A lot of so-called “experts” had egg on their faces that night.
I was a political junkie. It used to be fun. It is not anymore.
I stopped being a political junkie on November 7, 2012 after the crushing defeat of my candidate. It became clear, like an epiphany, that everybody whose opinion I trusted had been wrong. They were all in their own delusional bubbles and while they believed they were proclaiming the truth, it was in realty smoke and mirrors.
I felt utterly duped. I’d been sucker-punched. Nobody on my side saw it coming. I sure didn’t.
The next morning, I started fasting from politics. I don’t normally listen to Christmas music so early in the season but a wonderful channel on Pandora called “Classic Christmas” got me through the next several weeks as I recovered from being a political junkie.

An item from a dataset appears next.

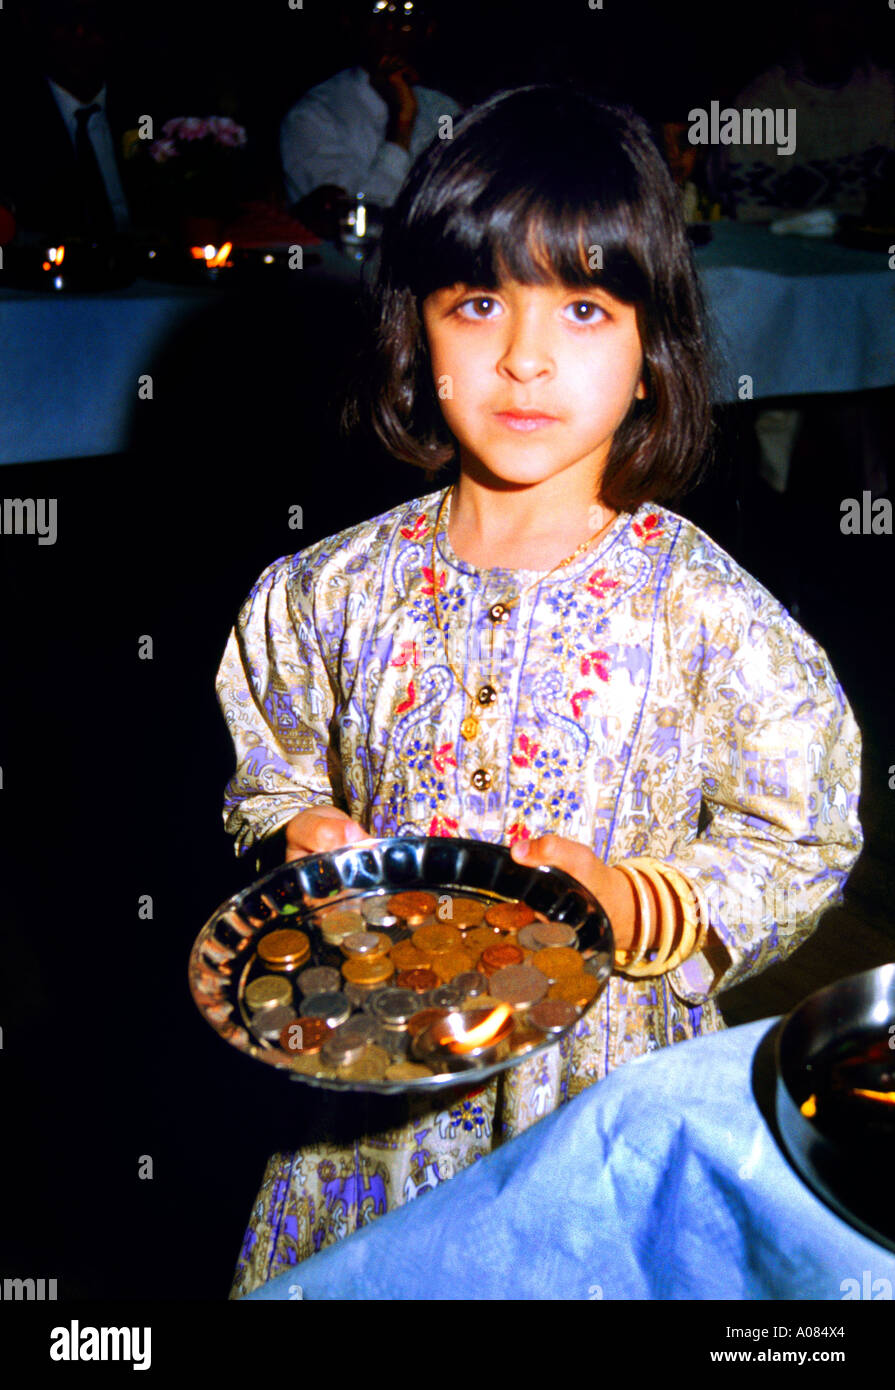 Girl holding a puja tray with  money Performing Chopda Puja During Diwali Signifying the Start of the new Financial year in the Hindu Calendar Stock Photo

Talk radio is no longer fun. The content is shrill and vitriolic, polluting my mind with negativity. It is not unlike what is going on in Washington with our leaders, made impotent due to their focus on their own position rather than the urgent needs of this country.
My core conservative beliefs have not changed, nor has my desire to stay informed. But I no longer believe in politics.
It all feels like junk. And nothing made that plainer than the last couple of weeks with the election and installation of Pope Francis.
News junkie and Catholic that I am I downloaded the Pope App on my phone so I could stay informed with the news of the conclave. I was able to watch, on my phone, the announcement of Habemus Papum – we have a pope!
When I found out he was from Argentina, I whooped and hollered and pranced around in my basement office. I had dearly hoped for a pope from either South America or Africa where the Church is vibrant with growth. A new face, a new perspective, a breath of fresh air.
I got my wish. And now I can’t get enough of “Papa Francisco.”
Politicians failed to lead through their empty words. Pope Francis succeeds in leading through his example.
Whereas our political leaders blather endlessly, blaming and destroying each other while the serious problems of our country go unaddressed, Pope Francis seeks to uplift all of God’s Creation as the means for creating a better world.
Whereas our leaders are motivated by their own quest for power, the pontiff seeks to empower all people, especially the least among us: the poor, the handicapped, the disenfranchised. As one of the most powerful leaders in the world, he is doing his best to take the spotlight off of himself and shine it onto his flock.
The image of him stepping out of the pope mobile during the procession to his inaugural mass to kiss, caress and comfort a severely disabled man is unforgettable. He is a pastor, a shepherd. He seeks sincerely to emulate Jesus.
Holy Week will soon be upon us. Typically the Holy Thursday mass is celebrated in grandeur at either St. Peter’s Basilica or the Basilica of St. John Lateran. During the mass there is the ceremonial foot washing after the reading of John’s Gospel, chapter 13, verses 1-15: Jesus washes the feet of his disciples to demonstrate how they are to serve one another; the participants are priests and prominent lay people.
Pope Francis, in keeping with his own longstanding tradition, has opted to celebrate Holy Thursday mass at the Casal del Marmo prison for minors, a Rome juvenile detention facility where he will wash the feet of some of the young detainees.
Our political leaders, for the most part, appear take advantage of their powerful positions to better their own lives and to advance their celebrity status.
Pope Francis appears to be using his to advance the positions of the forgotten in our society.
No wonder I can’t get enough of “Papa Francisco!” His name, his actions truly spell hope. I pray I am not being led into a new delusional bubble but if the pontiff continues pointing to Christ, I can be free from delusion.
I am a recovering political junkie. My gaze is now turned towards the Vicar of Christ whose example fixes my eyes squarely on Jesus, the true solution to the desperate problems of our world.